▶ Data provided:
----
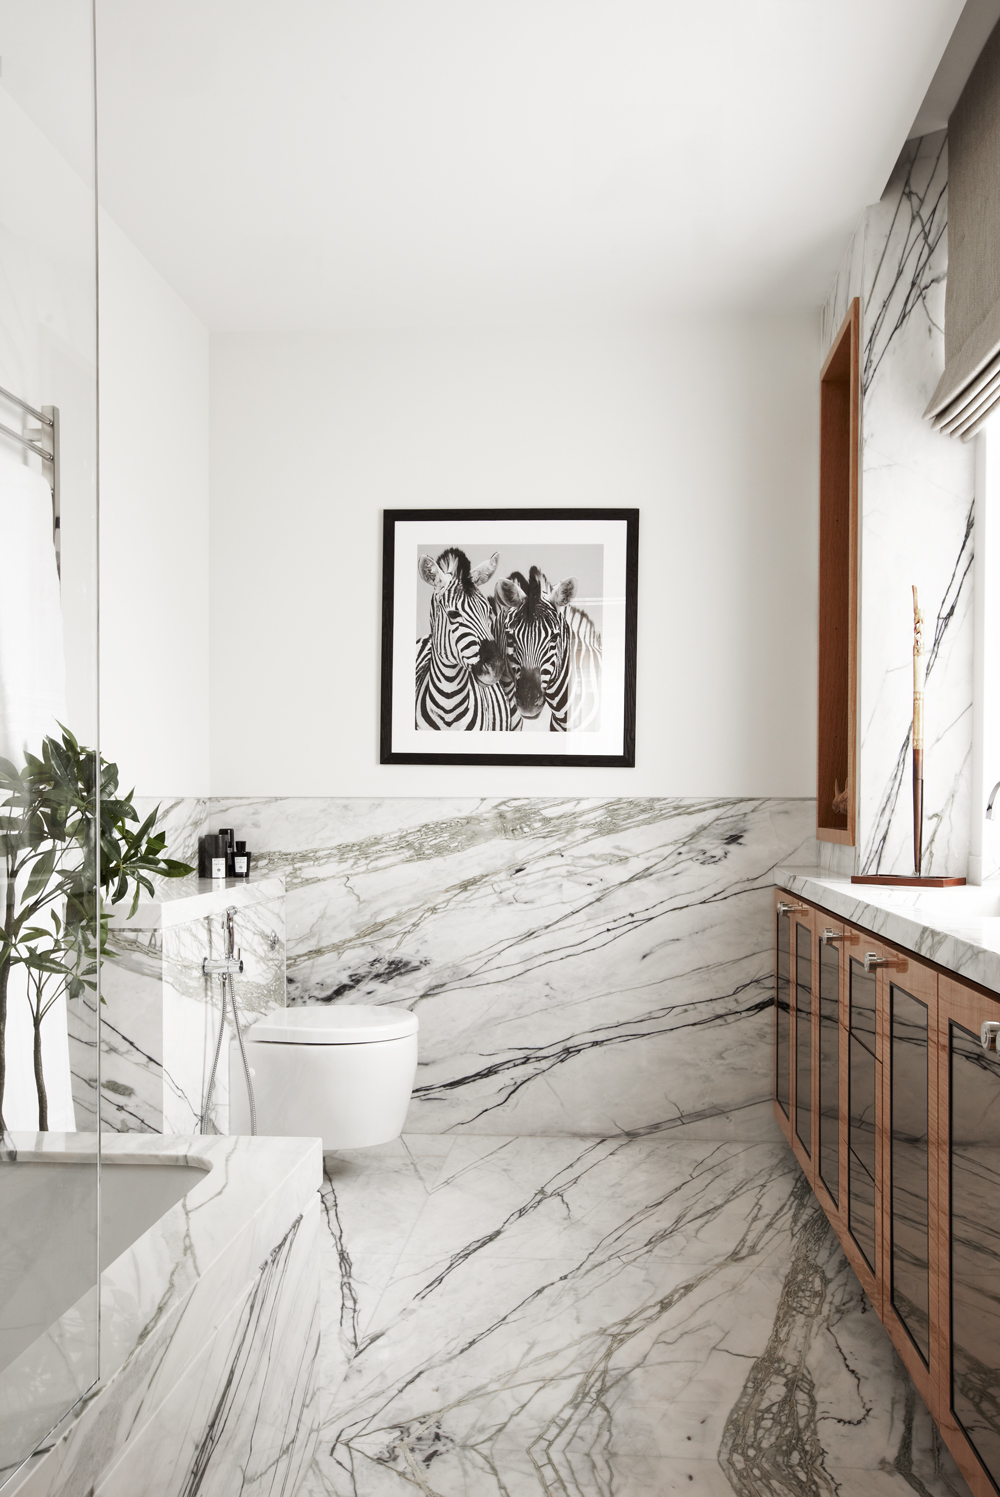 30-Marble-Bathroom-Design-Ideas-5.jpg
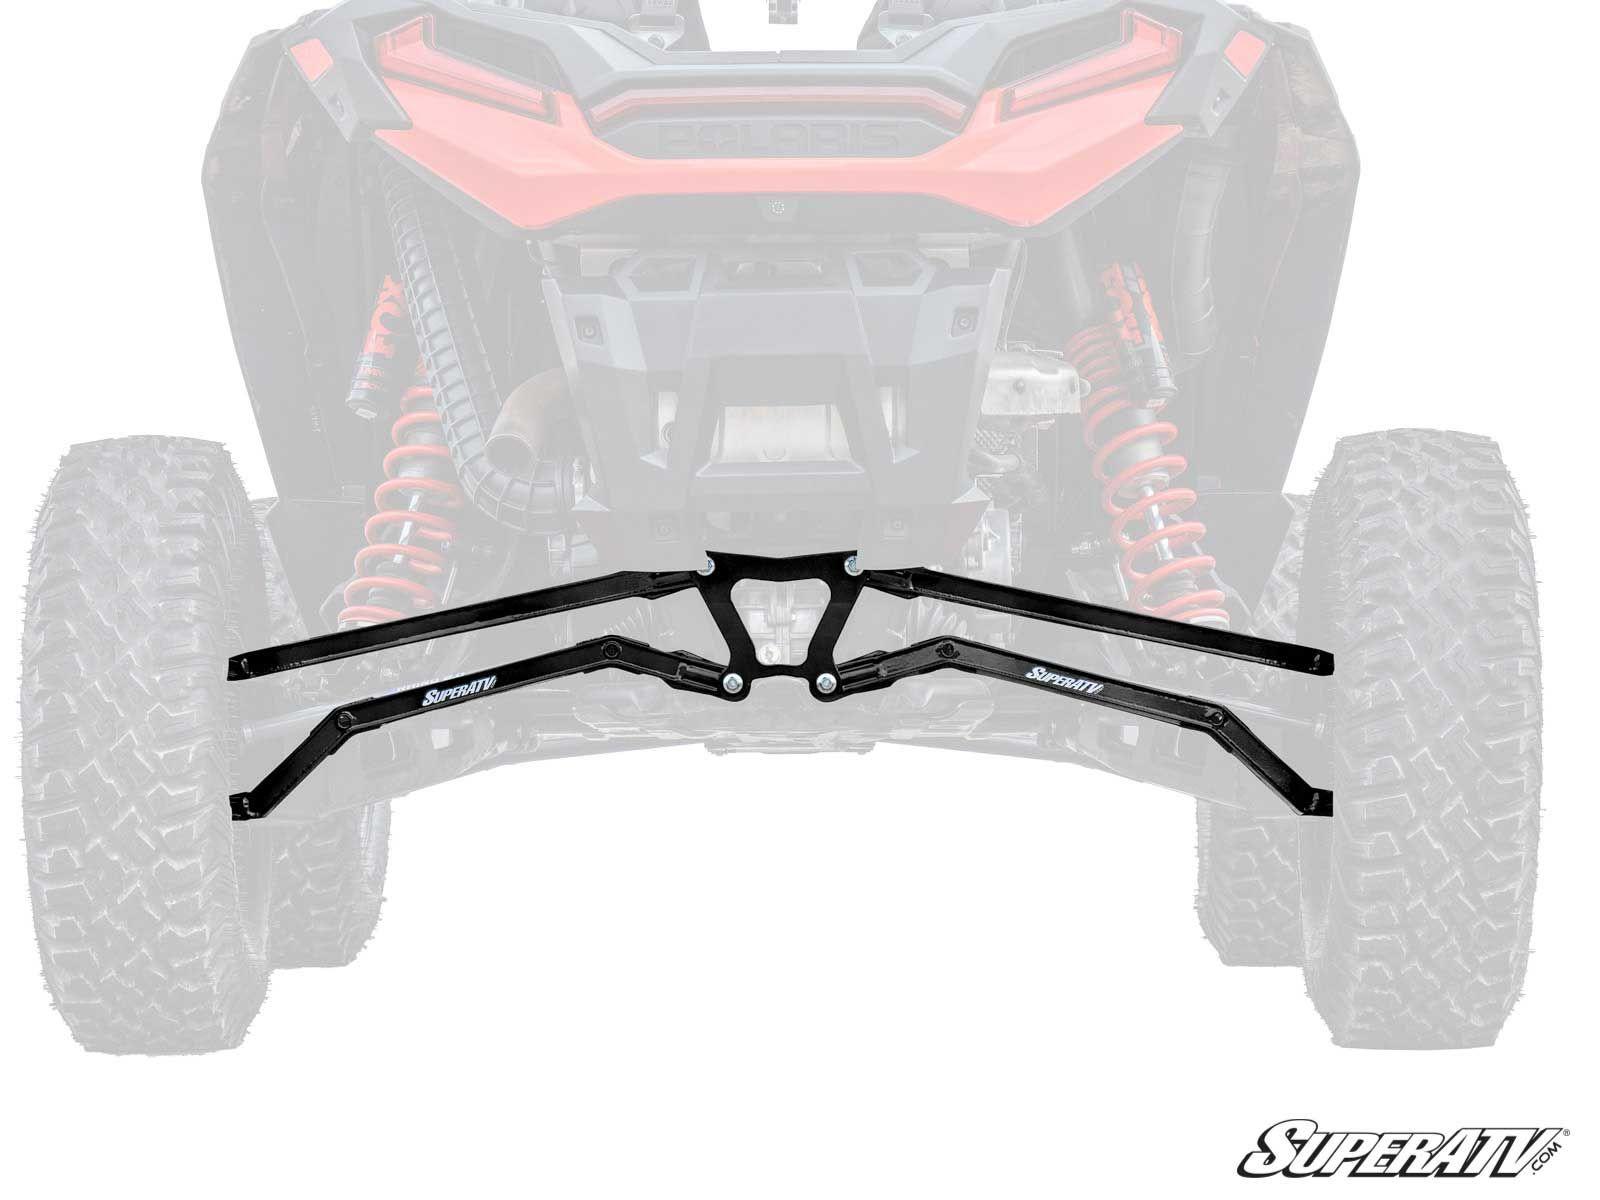 Super ATV High Clearance Boxed Radius Arms for Polaris RZR XP Turbo S
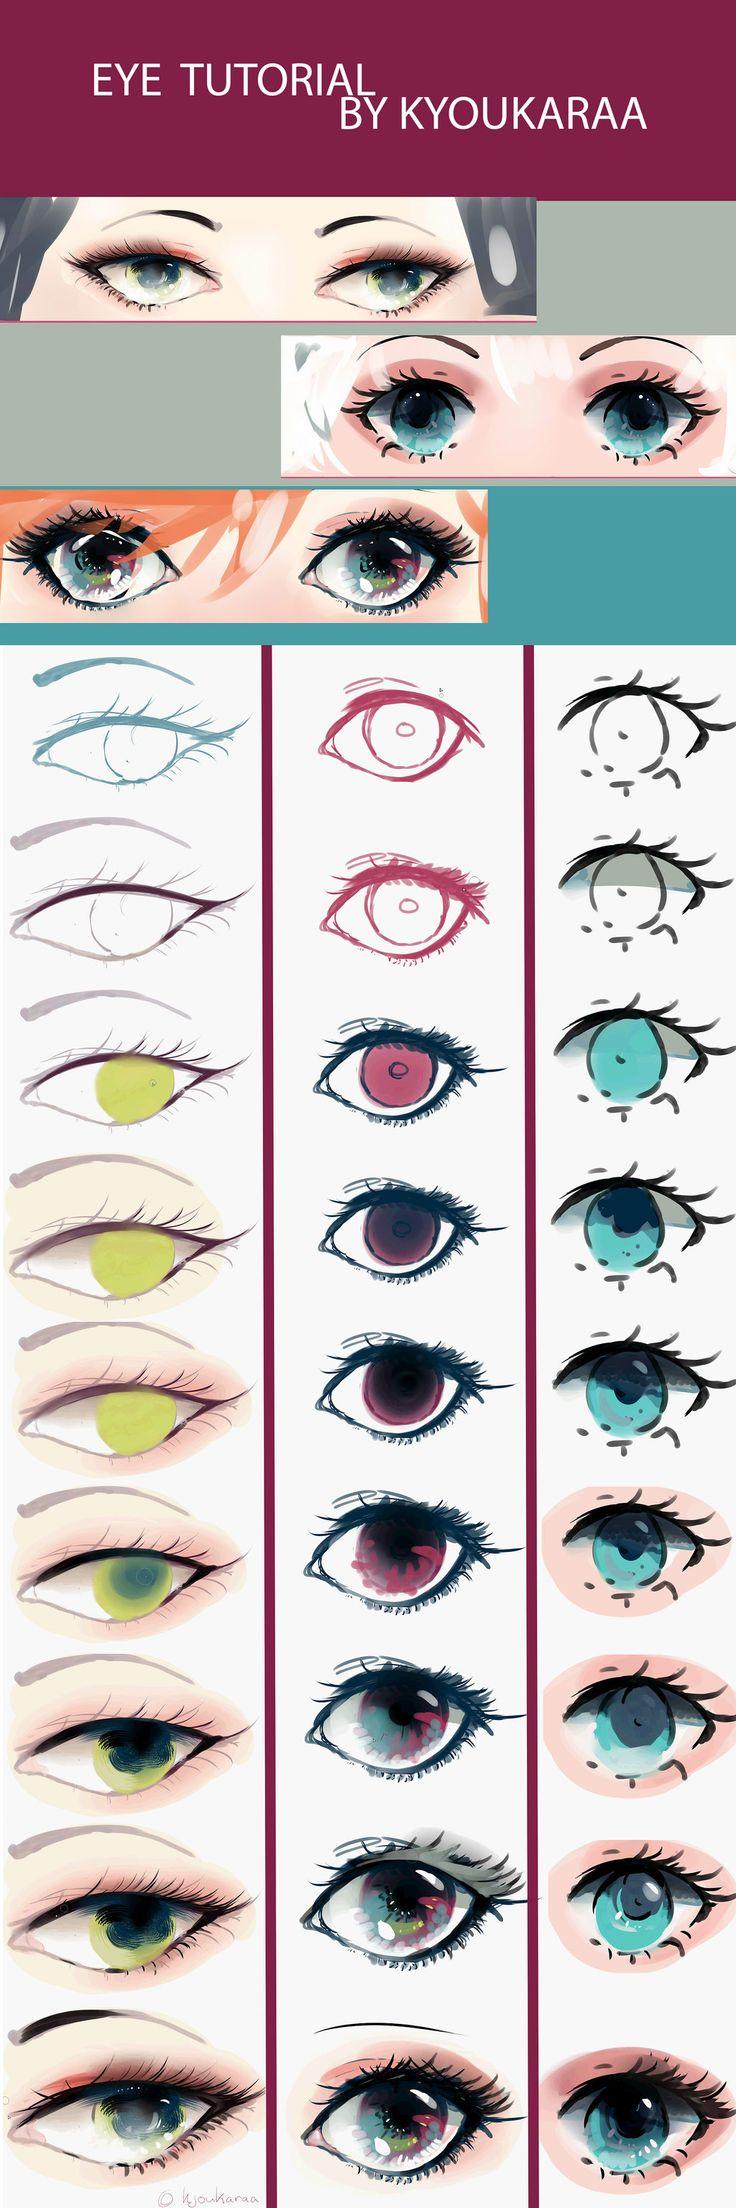 Eye Tutorial (+video) By Kyoukaraaiantart On @deviantart
----
▶ Exercise goal:
Ignoring the pictures, write out word for word only the lines from the one containing "Super ATV High" through the last line of the data, both ends included.

▶ Written reply:
 Super ATV High Clearance Boxed Radius Arms for Polaris RZR XP Turbo S
 Eye Tutorial (+video) By Kyoukaraaiantart On @deviantart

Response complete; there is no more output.